Refining clinical algorithms for a neonatal digital platform for low-income countries: a modified Delphi technique

Mari Evans, Mark H Corden, Caroline Crehan, Felicity Fitzgerald, Michelle Heys, Mari Evans, Mark H Corden, Caroline Crehan, Felicity Fitzgerald, Michelle Heys

Abstract

Objectives: To determine whether a panel of neonatal experts could address evidence gaps in local and international neonatal guidelines by reaching a consensus on four clinical decision algorithms for a neonatal digital platform (NeoTree).

Design: Two-round, modified Delphi technique.

Setting and participants: Participants were neonatal experts from high-income and low-income countries (LICs).

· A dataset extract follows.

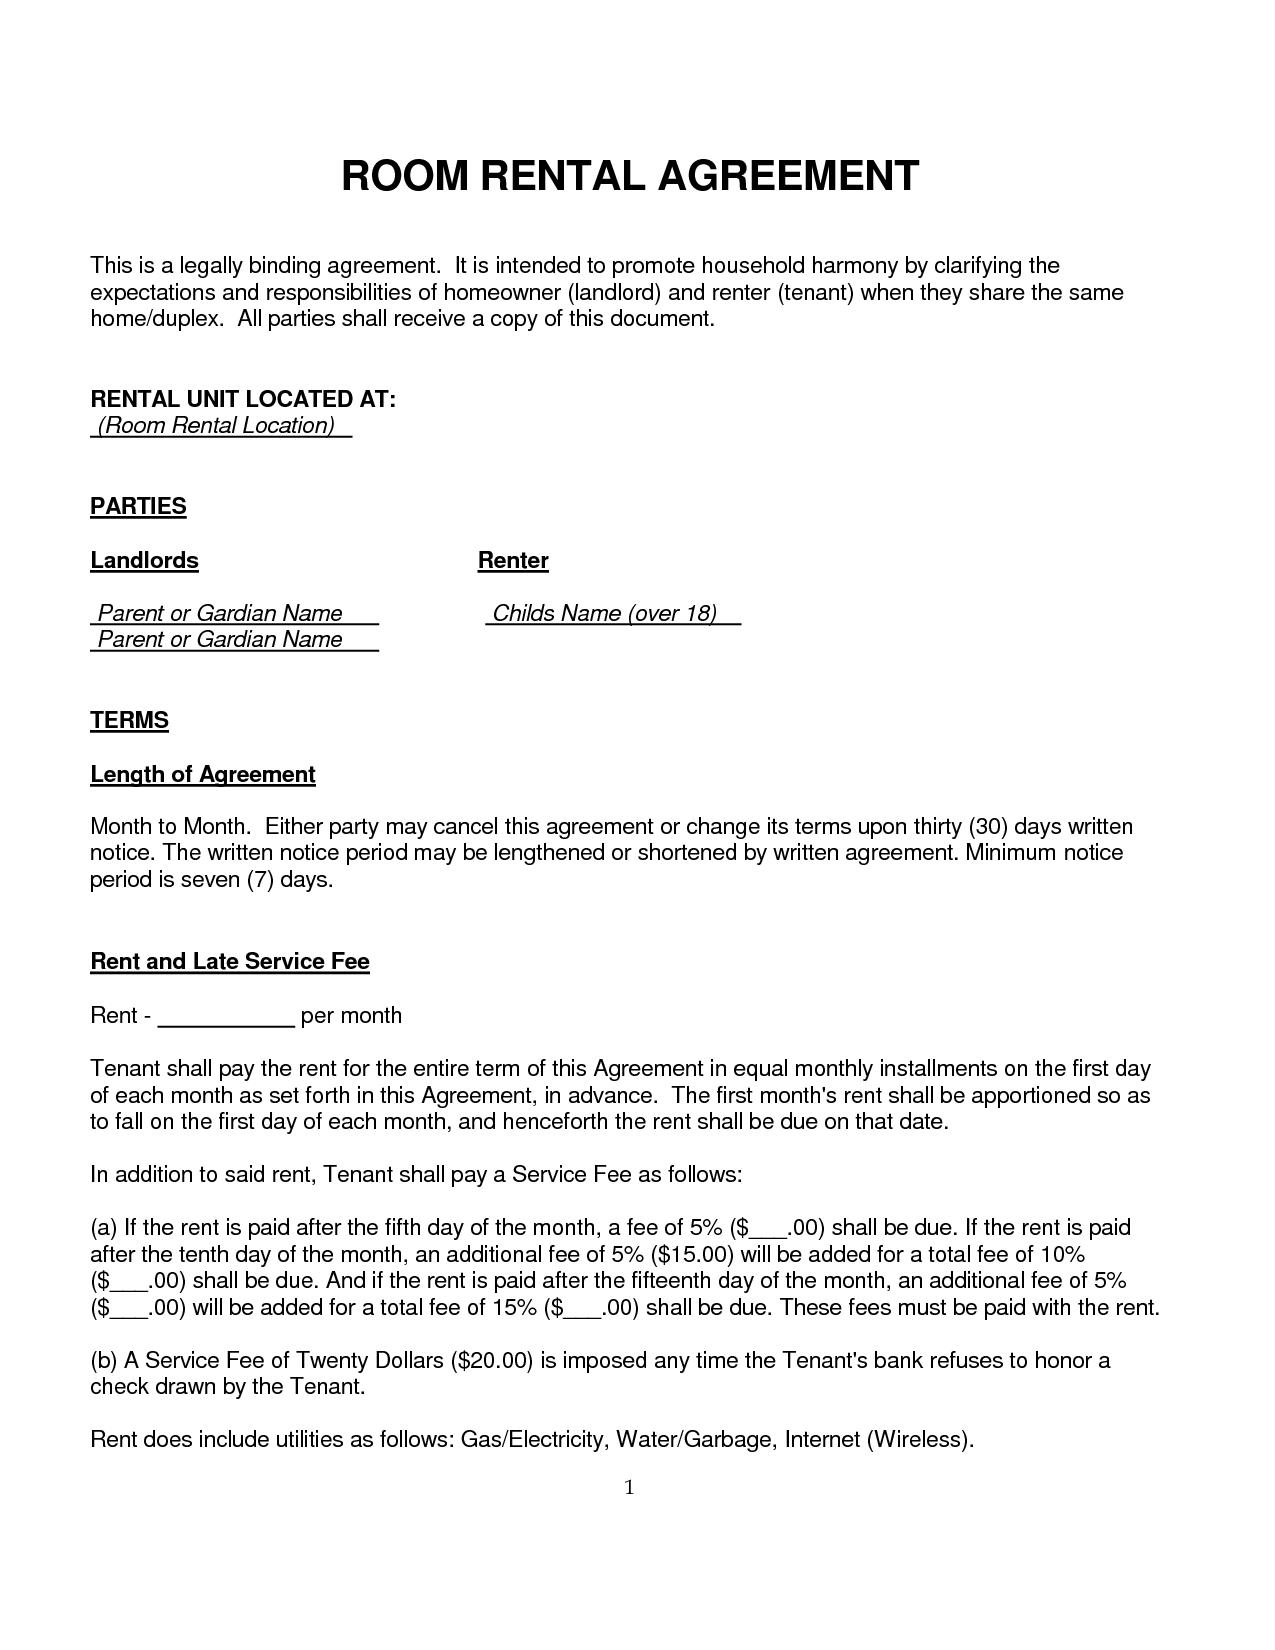 Simple Room Rental Agreement Form Free Uk

Methods: This was a consensus-generating study. In round 1, experts rated items for four clinical algorithms (neonatal sepsis, hypoxic ischaemic encephalopathy, respiratory distress of the newborn, hypothermia) and justified their responses. Items meeting consensus for inclusion (≥80% agreement) were incorporated into the algorithms. Items not meeting consensus were either excluded, included following revisions or included if they contained core elements of evidence-based guidelines. In round 2, experts rated items from round 1 that did not reach consensus.

Results: Fourteen experts participated in round 1, 10 in round 2. Nine were from high-income countries, five from LICs. Experts included physicians and nurse practitioners with an average neonatal experience of 20 years, 12 in LICs. After two rounds, a consensus was reached on 43 of 84 items (52%). Per experts' recommendations, items in line with local and WHO guidelines yet not meeting consensus were still included to encourage consistency for front-line healthcare workers. As a result, the final algorithms included 53 items (62%).

Conclusion: Four algorithms in a neonatal digital platform were reviewed and refined by consensus expert opinion. Revisions to NeoTree will be made in response to these findings. Next steps include clinical validation of the algorithms.

Keywords: information technology; neonatal intensive & critical care; neonatology; public health.

Conflict of interest statement

Competing interests: CC and MH are cofounders of the NeoTree platform and continue to conduct research related to its development. FF and MH are trustees of the NeoTree Foundation. The NeoTree platform is a not-for-profit product; none of the coauthors benefit financially.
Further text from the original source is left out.